Economy
In reply to the discussion: Weekend Economists Celebrates Psychedelia - March 14 - 15 [View all]DemReadingDU
(16,002 posts)AARP March 2015
Ed Cochran's weathered hands began to tremble as he read the letter from his union pension plan. "We made a terrible mistake," it began. The June 2013 letter said he was overpaid for nearly two decades, to the tune of $97,000, including interest. It demanded that he repay $66,000 within three weeks or face steep cuts to future payments until the overage was recouped.
"I thought I was going to have a heart attack, truly. My heart jumped right out of my chest," says Cochran, 65. His pension payout dropped from more than $1,300 a month to $800. "I thought, how could this be possible? It was 18 years that this went on," says the retiree, who installed ductwork in Chicago high-rises for a living. "After freezing and working in below-zero temperatures, it was just devastating."

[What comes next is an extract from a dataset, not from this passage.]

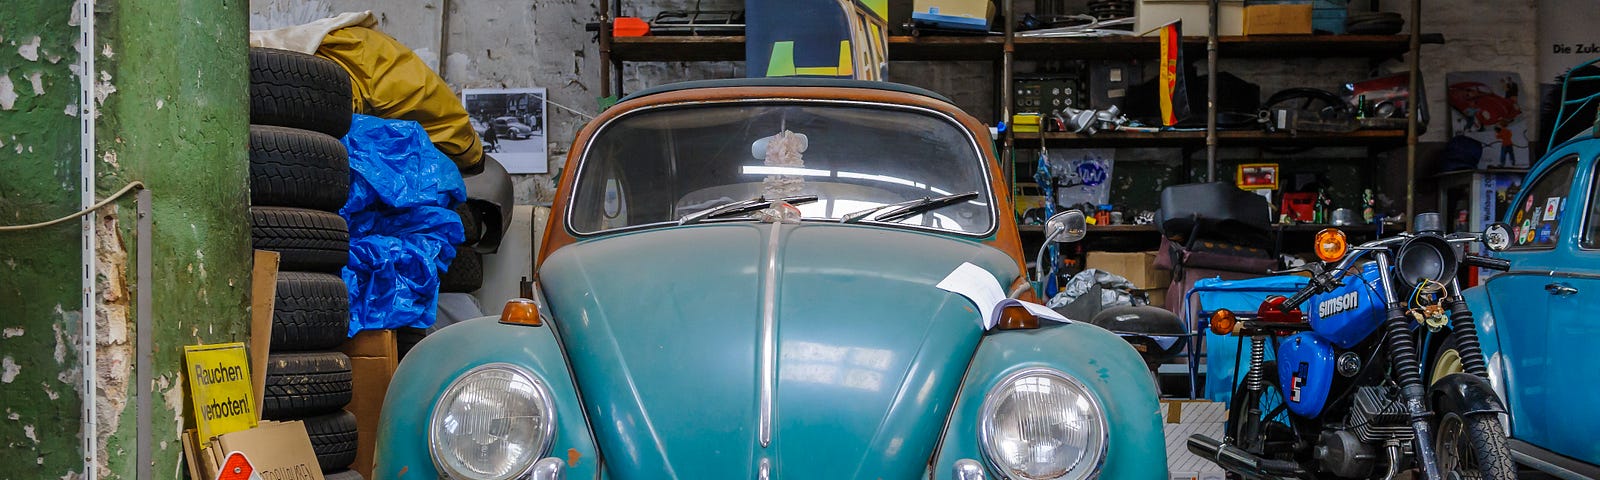 An antique car in a garage packed full of stuff. Swedish death cleaning
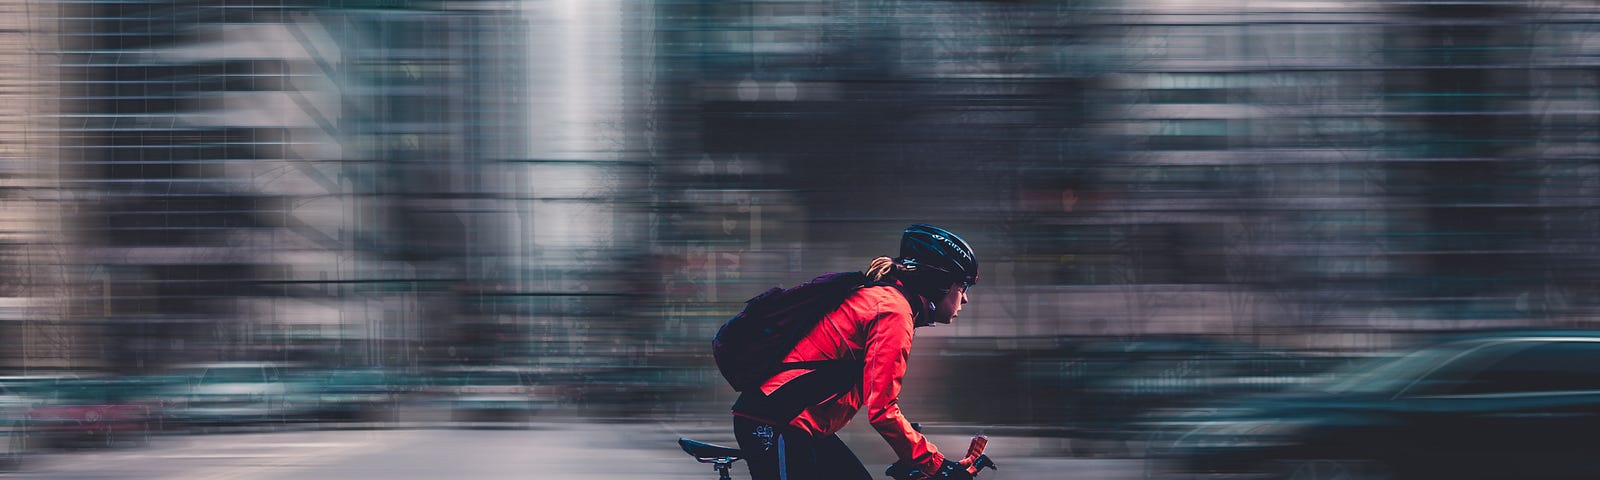 Person rides a bicycle in the city. Background blurred.

In Cochran's case, Illinois' Sheet Metal Workers Union Local 73 pension fund erroneously overpaid him and 588 others by a whopping $5.2 million between 1974 and 2004. In 2013, nearly a decade after it discovered the errors during an audit, the plan sent letters to the retirees informing them of the miscalculation and seeking return of the overpayment along with 7.25 percent interest.
Perry Kinard, 76, was sick with worry after he was notified of a pension overpayment. The retired New York City transit worker still bears the scars on his chest, and a bullet in his head, from thugs he encountered on the job. A man stabbed him in the lung in 1978 as he mopped the stairs at a subway station. In 1990, another man shot him in the head on a subway platform. He retired on disability at age 54.
Today Kinard is struggling to adjust to his $5-a-month pension reduced from $1,414 after the New York City Employee Retirement System (NYCERS) said it had overpaid him $163,423 over 22 years. It said his disability pension should have been offset by his workers' compensation payments. It withheld all but $5 a month to recoup the excess payments.
"It's like I worked all my life for nothing," he says. "They took everything from me."
Millions Could See Cuts
Tucked into the massive budget bill passed by Congress in December was a provision permitting certain financially troubled multiemployer pension plans to cut existing benefits potentially to hundreds of thousands of retirees who are under age 80.